DIRECTIONS FOR THIS TASK: Given the records below, would you repeat exactly the lines that begin at the one containing "老铁们铲车可以用这个美孚黑霸王15w-40机油吗" and end at the one containing "Zur Verstärkung der", inclusive?

[ENTRIES SHOWN Boundary: Start]

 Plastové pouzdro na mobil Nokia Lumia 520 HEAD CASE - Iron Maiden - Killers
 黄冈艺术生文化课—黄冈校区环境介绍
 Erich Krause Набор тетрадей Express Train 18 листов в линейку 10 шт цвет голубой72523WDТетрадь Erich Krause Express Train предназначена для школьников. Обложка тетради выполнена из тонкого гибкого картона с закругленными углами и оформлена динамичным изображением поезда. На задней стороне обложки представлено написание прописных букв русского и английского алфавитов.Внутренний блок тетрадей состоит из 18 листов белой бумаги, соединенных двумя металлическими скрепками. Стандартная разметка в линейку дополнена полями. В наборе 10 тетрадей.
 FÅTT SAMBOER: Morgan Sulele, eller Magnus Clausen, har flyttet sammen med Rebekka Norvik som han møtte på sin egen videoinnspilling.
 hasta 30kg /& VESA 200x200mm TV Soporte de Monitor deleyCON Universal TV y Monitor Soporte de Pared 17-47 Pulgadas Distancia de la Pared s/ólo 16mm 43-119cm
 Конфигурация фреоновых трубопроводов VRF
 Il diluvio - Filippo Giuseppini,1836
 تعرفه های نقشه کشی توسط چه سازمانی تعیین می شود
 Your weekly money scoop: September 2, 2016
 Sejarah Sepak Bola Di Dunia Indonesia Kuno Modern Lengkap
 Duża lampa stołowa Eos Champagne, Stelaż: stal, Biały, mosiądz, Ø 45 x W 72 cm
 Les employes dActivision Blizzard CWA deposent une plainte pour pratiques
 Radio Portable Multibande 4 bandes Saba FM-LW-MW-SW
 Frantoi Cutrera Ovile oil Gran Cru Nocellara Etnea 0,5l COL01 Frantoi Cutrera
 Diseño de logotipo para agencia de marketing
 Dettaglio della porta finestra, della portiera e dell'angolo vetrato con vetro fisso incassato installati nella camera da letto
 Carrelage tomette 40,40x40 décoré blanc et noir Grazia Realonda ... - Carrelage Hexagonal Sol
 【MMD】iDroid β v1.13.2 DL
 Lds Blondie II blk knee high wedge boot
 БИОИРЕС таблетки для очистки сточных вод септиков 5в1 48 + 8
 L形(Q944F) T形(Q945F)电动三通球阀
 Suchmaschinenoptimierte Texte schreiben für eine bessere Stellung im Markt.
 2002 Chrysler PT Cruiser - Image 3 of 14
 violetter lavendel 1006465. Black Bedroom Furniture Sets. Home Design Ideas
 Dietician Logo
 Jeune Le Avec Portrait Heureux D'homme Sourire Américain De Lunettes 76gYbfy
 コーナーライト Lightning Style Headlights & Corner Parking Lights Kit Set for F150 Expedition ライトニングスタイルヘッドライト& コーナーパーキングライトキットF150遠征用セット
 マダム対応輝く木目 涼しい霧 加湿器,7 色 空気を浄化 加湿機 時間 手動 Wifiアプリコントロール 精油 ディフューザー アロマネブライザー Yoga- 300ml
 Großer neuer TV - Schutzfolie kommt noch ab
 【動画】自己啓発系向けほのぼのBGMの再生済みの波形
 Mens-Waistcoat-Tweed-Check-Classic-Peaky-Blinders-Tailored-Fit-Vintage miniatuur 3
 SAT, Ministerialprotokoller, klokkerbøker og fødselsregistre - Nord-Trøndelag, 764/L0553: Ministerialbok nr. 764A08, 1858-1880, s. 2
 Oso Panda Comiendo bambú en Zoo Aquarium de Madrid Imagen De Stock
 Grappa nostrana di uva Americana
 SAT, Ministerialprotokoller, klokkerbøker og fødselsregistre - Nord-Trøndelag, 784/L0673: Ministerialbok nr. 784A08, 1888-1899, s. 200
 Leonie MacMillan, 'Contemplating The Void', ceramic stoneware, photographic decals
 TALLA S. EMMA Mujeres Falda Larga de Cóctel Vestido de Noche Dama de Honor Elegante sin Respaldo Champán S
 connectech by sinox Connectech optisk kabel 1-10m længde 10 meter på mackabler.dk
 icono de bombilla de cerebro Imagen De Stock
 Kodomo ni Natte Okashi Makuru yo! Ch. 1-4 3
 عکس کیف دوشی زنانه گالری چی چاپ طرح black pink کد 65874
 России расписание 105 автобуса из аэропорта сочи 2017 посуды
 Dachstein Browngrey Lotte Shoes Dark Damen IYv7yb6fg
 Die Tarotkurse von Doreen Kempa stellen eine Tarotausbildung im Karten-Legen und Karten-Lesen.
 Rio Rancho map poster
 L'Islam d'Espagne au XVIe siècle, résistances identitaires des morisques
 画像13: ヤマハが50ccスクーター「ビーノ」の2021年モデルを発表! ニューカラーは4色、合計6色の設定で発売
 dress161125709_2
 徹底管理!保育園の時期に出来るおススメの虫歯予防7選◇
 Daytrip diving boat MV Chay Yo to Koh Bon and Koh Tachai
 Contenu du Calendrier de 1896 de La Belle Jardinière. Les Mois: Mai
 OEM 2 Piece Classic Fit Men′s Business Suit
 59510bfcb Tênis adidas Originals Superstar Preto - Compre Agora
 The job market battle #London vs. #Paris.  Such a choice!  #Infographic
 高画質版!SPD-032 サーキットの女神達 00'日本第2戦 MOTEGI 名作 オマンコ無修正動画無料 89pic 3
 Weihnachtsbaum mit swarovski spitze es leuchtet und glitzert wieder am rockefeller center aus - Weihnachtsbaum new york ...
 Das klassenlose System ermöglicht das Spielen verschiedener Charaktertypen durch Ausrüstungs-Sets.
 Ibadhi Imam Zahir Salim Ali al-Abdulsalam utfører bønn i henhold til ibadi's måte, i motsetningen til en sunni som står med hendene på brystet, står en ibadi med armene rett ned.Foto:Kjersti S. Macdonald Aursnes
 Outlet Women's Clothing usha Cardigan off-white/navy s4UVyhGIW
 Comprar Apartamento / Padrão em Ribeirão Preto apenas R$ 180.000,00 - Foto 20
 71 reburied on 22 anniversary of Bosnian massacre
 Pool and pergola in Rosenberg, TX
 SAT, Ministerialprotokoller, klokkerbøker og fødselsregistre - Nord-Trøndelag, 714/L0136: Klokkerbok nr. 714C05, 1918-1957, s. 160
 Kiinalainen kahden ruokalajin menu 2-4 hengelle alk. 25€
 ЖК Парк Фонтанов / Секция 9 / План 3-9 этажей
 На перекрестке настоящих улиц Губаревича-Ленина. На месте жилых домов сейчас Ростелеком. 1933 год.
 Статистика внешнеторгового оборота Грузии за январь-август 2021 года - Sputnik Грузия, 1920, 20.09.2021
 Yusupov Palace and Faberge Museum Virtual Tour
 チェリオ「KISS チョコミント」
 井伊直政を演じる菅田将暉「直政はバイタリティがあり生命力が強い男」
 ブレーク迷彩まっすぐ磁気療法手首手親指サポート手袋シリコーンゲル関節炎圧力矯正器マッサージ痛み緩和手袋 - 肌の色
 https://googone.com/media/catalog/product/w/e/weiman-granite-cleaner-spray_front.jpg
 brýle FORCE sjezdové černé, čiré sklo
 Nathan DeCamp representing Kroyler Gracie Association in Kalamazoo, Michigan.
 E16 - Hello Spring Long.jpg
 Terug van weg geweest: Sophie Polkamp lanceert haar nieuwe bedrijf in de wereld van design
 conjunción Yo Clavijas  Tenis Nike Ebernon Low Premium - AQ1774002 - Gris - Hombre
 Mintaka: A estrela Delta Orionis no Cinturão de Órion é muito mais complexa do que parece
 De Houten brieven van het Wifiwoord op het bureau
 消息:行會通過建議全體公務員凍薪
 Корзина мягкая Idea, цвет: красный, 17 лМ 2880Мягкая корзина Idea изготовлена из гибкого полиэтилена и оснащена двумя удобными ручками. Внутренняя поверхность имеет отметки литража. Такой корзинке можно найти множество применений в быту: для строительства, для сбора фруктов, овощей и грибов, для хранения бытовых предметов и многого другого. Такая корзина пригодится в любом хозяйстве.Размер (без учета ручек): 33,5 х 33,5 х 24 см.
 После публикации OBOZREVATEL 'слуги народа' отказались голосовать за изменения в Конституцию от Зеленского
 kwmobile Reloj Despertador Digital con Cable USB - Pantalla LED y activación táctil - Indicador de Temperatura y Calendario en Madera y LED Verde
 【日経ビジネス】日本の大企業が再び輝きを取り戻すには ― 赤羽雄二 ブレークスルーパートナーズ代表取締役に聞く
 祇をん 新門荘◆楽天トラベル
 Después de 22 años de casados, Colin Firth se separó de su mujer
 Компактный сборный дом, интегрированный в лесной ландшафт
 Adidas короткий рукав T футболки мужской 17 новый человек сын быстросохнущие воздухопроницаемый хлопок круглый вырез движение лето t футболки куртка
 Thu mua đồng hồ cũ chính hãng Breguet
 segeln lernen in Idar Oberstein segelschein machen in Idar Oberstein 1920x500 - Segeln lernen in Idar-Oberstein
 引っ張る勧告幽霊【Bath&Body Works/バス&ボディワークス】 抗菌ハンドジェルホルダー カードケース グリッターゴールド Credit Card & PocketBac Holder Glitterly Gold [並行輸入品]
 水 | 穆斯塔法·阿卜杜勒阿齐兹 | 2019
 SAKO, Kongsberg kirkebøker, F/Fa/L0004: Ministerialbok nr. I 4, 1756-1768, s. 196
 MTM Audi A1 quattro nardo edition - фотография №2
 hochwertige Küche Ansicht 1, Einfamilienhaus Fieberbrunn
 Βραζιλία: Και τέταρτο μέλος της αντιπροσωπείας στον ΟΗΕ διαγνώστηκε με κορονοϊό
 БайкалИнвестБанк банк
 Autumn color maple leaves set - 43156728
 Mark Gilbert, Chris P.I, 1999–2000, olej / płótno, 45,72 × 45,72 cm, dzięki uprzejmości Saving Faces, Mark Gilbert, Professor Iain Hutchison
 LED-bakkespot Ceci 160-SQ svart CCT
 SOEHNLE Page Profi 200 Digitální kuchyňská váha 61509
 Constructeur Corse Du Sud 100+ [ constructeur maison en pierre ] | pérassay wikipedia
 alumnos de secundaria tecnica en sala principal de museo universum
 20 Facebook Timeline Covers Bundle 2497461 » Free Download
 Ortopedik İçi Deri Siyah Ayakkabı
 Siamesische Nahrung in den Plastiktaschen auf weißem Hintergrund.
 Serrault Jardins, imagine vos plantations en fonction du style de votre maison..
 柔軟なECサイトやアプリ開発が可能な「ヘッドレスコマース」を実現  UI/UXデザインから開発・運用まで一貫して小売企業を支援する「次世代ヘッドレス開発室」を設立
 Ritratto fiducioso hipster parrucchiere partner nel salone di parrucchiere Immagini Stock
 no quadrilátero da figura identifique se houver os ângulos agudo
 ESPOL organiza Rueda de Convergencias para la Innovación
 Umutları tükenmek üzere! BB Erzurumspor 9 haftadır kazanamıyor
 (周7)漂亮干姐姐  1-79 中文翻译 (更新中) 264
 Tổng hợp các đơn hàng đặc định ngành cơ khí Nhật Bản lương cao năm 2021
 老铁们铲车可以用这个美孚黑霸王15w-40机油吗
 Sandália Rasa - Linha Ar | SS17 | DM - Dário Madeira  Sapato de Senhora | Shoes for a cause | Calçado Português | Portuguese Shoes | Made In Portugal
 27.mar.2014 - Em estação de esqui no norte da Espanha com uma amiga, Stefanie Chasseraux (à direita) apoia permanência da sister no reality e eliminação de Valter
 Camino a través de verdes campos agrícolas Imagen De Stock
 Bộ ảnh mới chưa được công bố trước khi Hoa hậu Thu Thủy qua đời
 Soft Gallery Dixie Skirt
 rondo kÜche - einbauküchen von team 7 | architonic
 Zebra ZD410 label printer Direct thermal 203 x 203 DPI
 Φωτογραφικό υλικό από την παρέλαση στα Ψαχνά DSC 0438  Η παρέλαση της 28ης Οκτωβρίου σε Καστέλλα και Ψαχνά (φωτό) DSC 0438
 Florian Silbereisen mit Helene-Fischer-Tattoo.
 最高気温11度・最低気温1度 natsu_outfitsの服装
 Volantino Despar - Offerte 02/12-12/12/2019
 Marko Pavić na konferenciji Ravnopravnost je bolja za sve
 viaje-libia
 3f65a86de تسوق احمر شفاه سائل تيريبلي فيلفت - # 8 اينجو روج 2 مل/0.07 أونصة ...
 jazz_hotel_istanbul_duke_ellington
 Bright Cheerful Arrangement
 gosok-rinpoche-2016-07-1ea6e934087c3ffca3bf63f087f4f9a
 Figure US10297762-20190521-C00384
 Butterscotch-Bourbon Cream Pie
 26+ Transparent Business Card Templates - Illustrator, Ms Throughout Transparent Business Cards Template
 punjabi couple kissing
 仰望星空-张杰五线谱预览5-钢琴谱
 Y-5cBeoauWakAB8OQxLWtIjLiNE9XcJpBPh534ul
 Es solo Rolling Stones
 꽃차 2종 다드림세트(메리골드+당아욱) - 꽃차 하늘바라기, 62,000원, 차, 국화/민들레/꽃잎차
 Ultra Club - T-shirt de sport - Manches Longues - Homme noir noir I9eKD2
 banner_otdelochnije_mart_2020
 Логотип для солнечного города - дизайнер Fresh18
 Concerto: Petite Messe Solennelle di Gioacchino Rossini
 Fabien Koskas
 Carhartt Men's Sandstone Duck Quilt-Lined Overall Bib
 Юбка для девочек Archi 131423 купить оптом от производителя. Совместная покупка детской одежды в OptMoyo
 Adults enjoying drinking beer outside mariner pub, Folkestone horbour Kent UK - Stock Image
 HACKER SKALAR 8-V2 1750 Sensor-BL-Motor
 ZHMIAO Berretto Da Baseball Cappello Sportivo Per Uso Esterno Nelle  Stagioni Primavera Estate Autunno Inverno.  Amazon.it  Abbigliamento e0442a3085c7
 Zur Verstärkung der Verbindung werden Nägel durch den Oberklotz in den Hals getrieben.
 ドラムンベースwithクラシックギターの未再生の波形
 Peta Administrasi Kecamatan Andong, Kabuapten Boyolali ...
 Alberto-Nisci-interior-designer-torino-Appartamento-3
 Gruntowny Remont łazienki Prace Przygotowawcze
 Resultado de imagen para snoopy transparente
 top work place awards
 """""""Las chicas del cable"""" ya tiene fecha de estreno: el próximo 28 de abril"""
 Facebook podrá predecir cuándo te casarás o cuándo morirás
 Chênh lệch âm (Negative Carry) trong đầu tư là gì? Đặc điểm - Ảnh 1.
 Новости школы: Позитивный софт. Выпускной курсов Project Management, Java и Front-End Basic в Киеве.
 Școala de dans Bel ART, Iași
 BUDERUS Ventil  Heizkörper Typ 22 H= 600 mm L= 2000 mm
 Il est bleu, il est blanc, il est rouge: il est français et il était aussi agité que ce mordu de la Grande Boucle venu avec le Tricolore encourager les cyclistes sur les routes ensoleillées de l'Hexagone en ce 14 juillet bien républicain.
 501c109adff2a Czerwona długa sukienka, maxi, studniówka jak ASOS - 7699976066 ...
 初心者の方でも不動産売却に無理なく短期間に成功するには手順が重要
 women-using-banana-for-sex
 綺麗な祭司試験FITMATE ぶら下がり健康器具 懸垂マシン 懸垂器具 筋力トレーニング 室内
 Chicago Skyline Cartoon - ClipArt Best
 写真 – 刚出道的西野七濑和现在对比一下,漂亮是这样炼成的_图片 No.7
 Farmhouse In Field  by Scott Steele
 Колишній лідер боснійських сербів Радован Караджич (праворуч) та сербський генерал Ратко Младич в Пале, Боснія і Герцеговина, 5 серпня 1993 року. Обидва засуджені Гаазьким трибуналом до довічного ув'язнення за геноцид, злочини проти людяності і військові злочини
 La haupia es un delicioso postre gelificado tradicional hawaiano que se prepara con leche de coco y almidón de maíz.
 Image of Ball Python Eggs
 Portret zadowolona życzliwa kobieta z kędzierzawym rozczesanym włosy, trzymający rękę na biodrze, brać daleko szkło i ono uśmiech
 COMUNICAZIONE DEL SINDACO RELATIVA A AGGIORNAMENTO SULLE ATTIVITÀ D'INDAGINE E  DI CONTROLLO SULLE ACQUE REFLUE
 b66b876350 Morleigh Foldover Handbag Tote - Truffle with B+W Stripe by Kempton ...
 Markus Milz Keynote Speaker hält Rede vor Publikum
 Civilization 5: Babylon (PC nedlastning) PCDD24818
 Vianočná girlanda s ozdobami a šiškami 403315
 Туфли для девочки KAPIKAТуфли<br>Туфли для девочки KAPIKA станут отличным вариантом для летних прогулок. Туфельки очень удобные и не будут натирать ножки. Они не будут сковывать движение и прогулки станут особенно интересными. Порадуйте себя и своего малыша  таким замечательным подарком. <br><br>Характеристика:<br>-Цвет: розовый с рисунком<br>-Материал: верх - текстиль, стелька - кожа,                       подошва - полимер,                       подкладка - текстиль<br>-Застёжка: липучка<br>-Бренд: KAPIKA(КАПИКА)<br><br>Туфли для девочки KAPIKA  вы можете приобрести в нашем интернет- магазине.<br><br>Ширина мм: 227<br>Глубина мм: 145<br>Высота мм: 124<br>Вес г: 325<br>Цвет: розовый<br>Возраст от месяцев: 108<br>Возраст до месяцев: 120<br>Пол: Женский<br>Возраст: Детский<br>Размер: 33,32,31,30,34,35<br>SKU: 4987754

[ENTRIES SHOWN Boundary: End]

TASK RESULT:
 老铁们铲车可以用这个美孚黑霸王15w-40机油吗
 Sandália Rasa - Linha Ar | SS17 | DM - Dário Madeira  Sapato de Senhora | Shoes for a cause | Calçado Português | Portuguese Shoes | Made In Portugal
 27.mar.2014 - Em estação de esqui no norte da Espanha com uma amiga, Stefanie Chasseraux (à direita) apoia permanência da sister no reality e eliminação de Valter
 Camino a través de verdes campos agrícolas Imagen De Stock
 Bộ ảnh mới chưa được công bố trước khi Hoa hậu Thu Thủy qua đời
 Soft Gallery Dixie Skirt
 rondo kÜche - einbauküchen von team 7 | architonic
 Zebra ZD410 label printer Direct thermal 203 x 203 DPI
 Φωτογραφικό υλικό από την παρέλαση στα Ψαχνά DSC 0438  Η παρέλαση της 28ης Οκτωβρίου σε Καστέλλα και Ψαχνά (φωτό) DSC 0438
 Florian Silbereisen mit Helene-Fischer-Tattoo.
 最高気温11度・最低気温1度 natsu_outfitsの服装
 Volantino Despar - Offerte 02/12-12/12/2019
 Marko Pavić na konferenciji Ravnopravnost je bolja za sve
 viaje-libia
 3f65a86de تسوق احمر شفاه سائل تيريبلي فيلفت - # 8 اينجو روج 2 مل/0.07 أونصة ...
 jazz_hotel_istanbul_duke_ellington
 Bright Cheerful Arrangement
 gosok-rinpoche-2016-07-1ea6e934087c3ffca3bf63f087f4f9a
 Figure US10297762-20190521-C00384
 Butterscotch-Bourbon Cream Pie
 26+ Transparent Business Card Templates - Illustrator, Ms Throughout Transparent Business Cards Template
 punjabi couple kissing
 仰望星空-张杰五线谱预览5-钢琴谱
 Y-5cBeoauWakAB8OQxLWtIjLiNE9XcJpBPh534ul
 Es solo Rolling Stones
 꽃차 2종 다드림세트(메리골드+당아욱) - 꽃차 하늘바라기, 62,000원, 차, 국화/민들레/꽃잎차
 Ultra Club - T-shirt de sport - Manches Longues - Homme noir noir I9eKD2
 banner_otdelochnije_mart_2020
 Логотип для солнечного города - дизайнер Fresh18
 Concerto: Petite Messe Solennelle di Gioacchino Rossini
 Fabien Koskas
 Carhartt Men's Sandstone Duck Quilt-Lined Overall Bib
 Юбка для девочек Archi 131423 купить оптом от производителя. Совместная покупка детской одежды в OptMoyo
 Adults enjoying drinking beer outside mariner pub, Folkestone horbour Kent UK - Stock Image
 HACKER SKALAR 8-V2 1750 Sensor-BL-Motor
 ZHMIAO Berretto Da Baseball Cappello Sportivo Per Uso Esterno Nelle  Stagioni Primavera Estate Autunno Inverno.  Amazon.it  Abbigliamento e0442a3085c7
 Zur Verstärkung der Verbindung werden Nägel durch den Oberklotz in den Hals getrieben.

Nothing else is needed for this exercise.